COVID-19 Data Mart Patient Cohort
The COVID-19 patient cohort in the Data Mart is defined as:
1. Any positive or negative PCR test and custom SQL code to identify positive, detected, or negative test results (tval), where the former tests are found in the RPDR Query Tool under Laboratory Tests\Infectious Disease\COVID-19\SARS coronavirus 2 RNA, COVID-19;
2. Any infection flag COVID-19 Positive (INFG:65), COVID-19 Presumed (INFG:69) that has any flag status; and
3. Any ICD-10 Diagnosis of U07.1
What Data is Available
The Data Enclave contains a COVID-19 data mart comprised of structured and unstructured patient data from the research sources:
- RPDR (Research Patient Data Registry). See the COVID-19 Data Mart User Guide for more information.
- EDW (Enterprise Data Warehouse). See the COVID-19 EDW Data Mart Document for more information.
This data is refreshed every Sunday and available in the mart on the following Wednesday. The mart can be accessed directly using SQL Server Management Studio, Aqua Data Studio, or an i2b2 client.
How to Access the Tool
Before applying for access, you will need to be prepared with the following information:
- Your Project Role Details
- If you’re a Contractor (POI), make sure to have completed your PHS HIPAA Training. Gather your MGB supervising manager's name, ID and email.
- When submitting your access request, ensure this information is correctly reflected in the Manager details section on the form.
- Know Your Project Details
- Currently, only research projects can be approved for access to COVID19 mart. You will need to provide the associated IRB Protocol ID. Make sure your IRB covers COVID-19 Research
- Access can be granted for a specific time until your project ends. Your Access End Date cannot exceed the IRB Protocol Expiration Date.
- You will need to provide the Project Name, Project Description, and Project Leader Name.
- If you plan to share data outside of the Partners network, prepare to provide the details.
- Your Enclave Data Mart Needs
- Do you plan to bring additional Data to the Enclave? If yes, how much (GB)?
- Do you require additional storage beyond the Enclave default?
- Which tools do you plan to use to access the data?
- Prepare an explanation to justify the Reason for access.

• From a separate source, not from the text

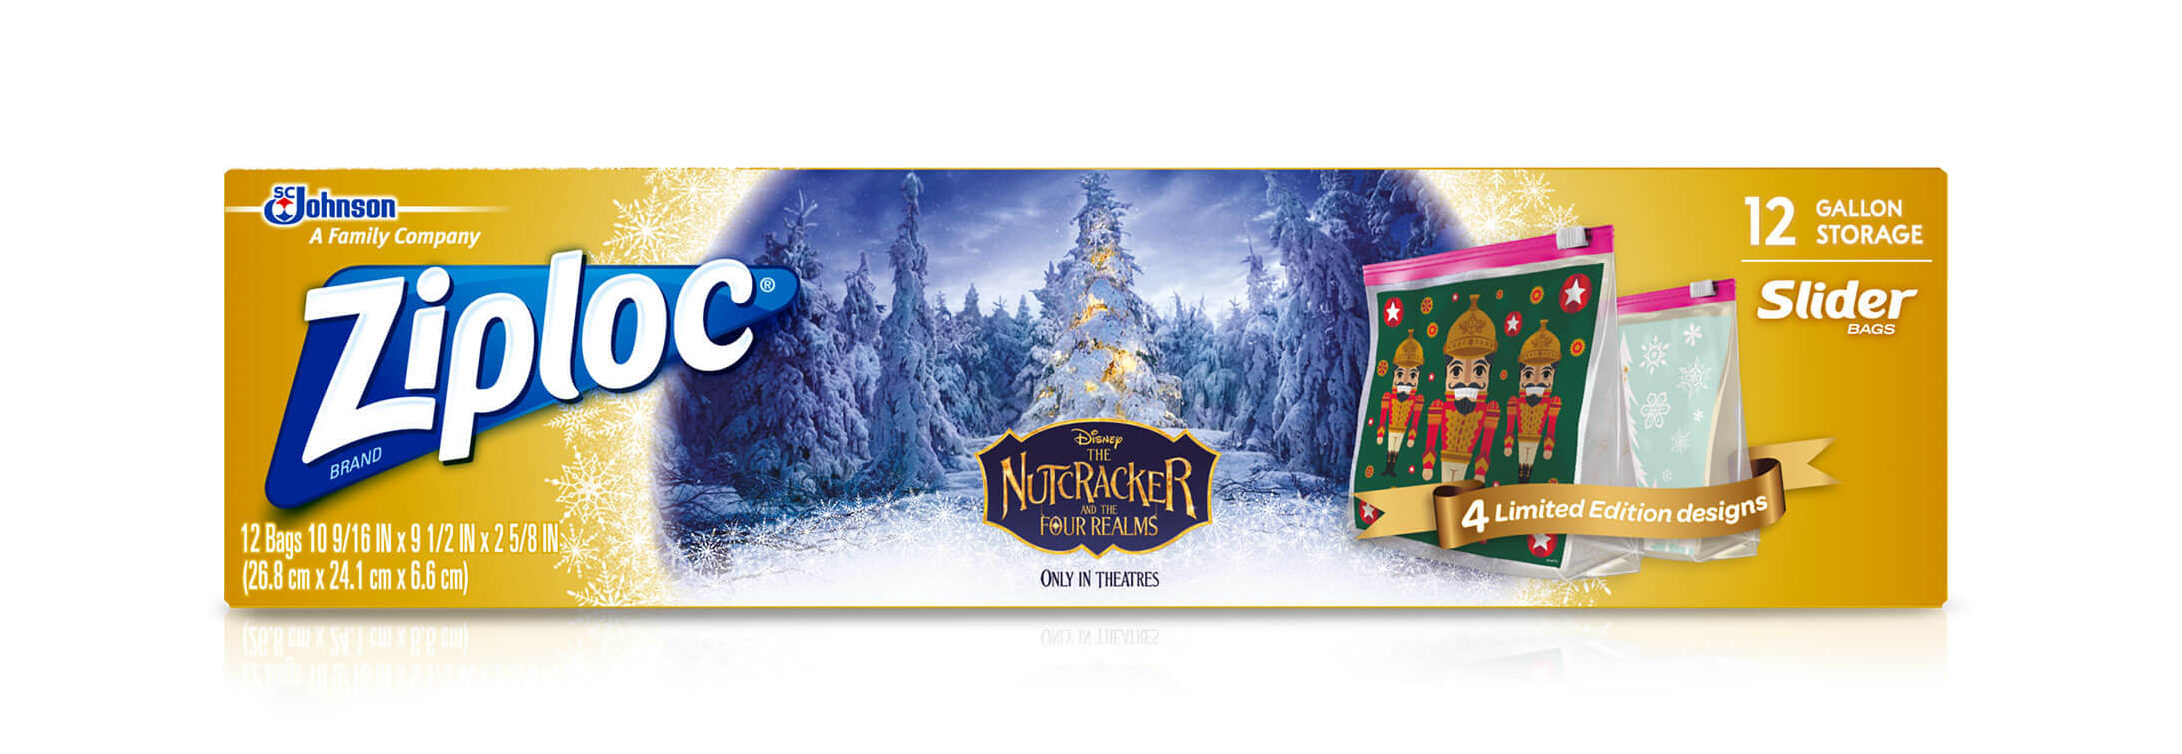 ZIPLOC Brand Freezer Bags Quart Featuring Designs from Disney's The Nutcracker and The Four Realms, 19 Count
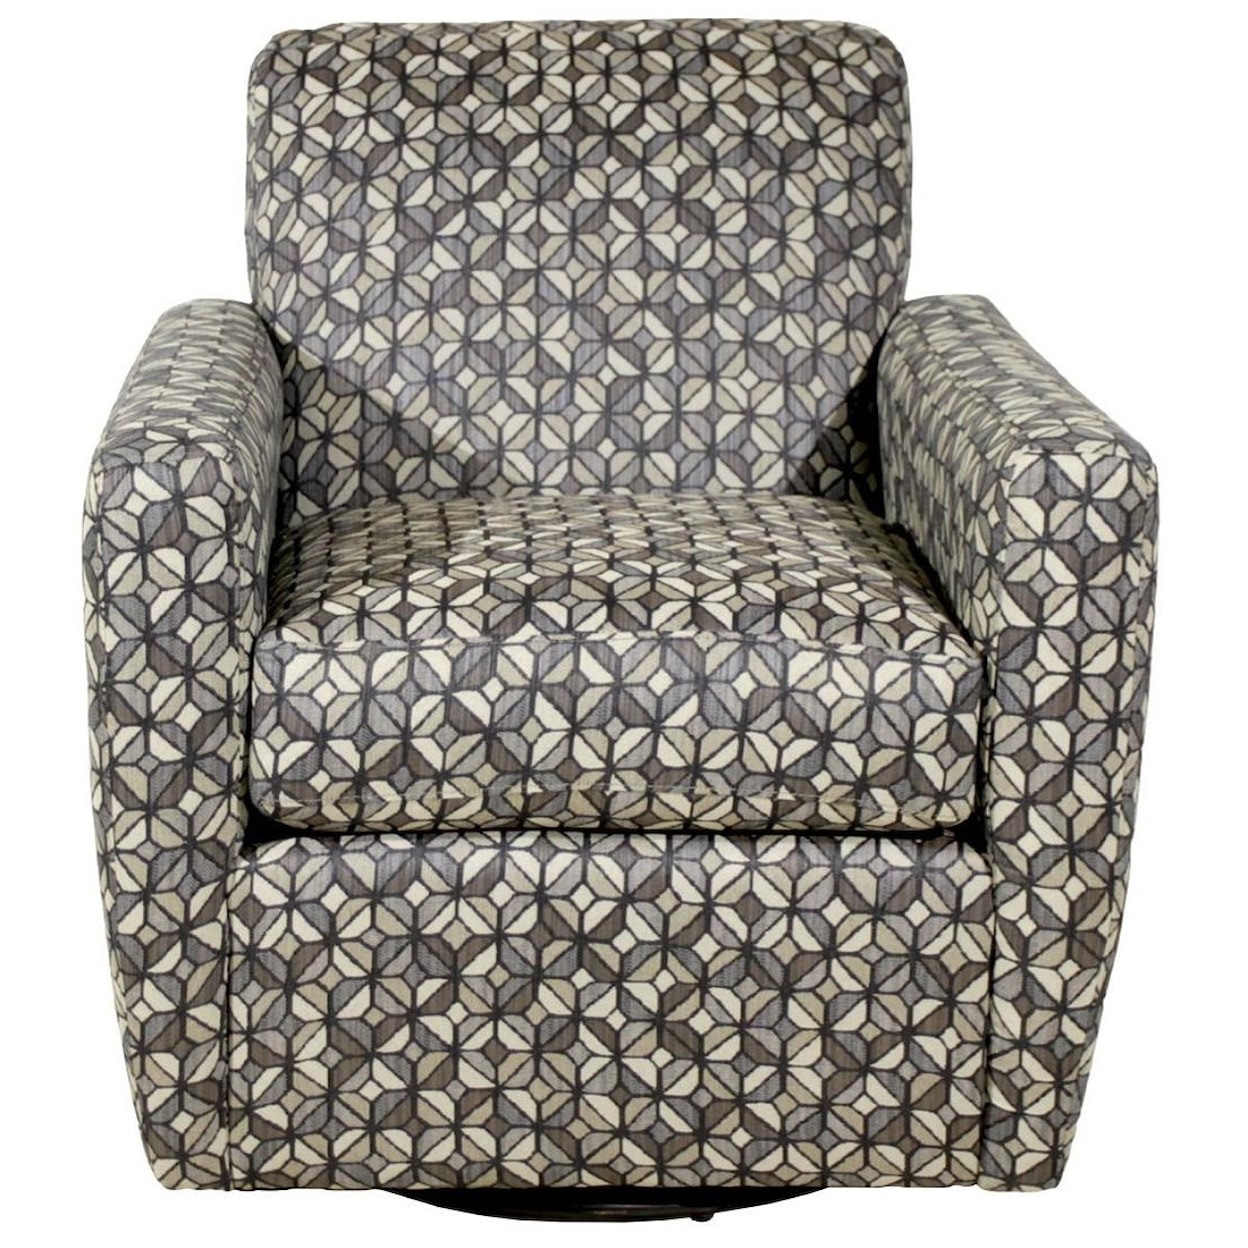 Jonathan Louis Vancouver Contemporary Swivel Chair

Once your access request is submitted, the turnaround for granting access is 1-4 business days. If you are a Project Staff Member, your Project Leader will be requested to approve your access.
The COVID-19 Summary Table is a conveniently accessible spreadsheet that contains summary information on the defined COVID-19 patient cohort. This document gives researchers a glance into the COVID-19 data mart in a format that is easy to read, filter, and manipulate with no analysis tools necessary. The pre-defined concepts allow for a quick review of important patient elements for COVID-19 research. It is recommended that the summary data be validated with detailed patient information found in the Data Enclave.
What data is available?
The COVID-19 Summary Table contains one patient per row with information on over 100 patient data elements, including recent COVID-19 and routine laboratory tests, vital signs, oxygen therapy, ICU admission, risk factors, flag statuses, recent medications and much more.
The summary file is updated weekly to correspond with the current Enclave data update schedule. Previous files will be moved to an archive directory.
How to access it?
Request for access to the Shared File Area (SFA) is required to view the COVID19 Summary Table. An IRB Protocol covering research of all patients tested or flagged for COVID19 and associated data elements (including PHI) is necessary for the request to be reviewed and provisioned appropriately.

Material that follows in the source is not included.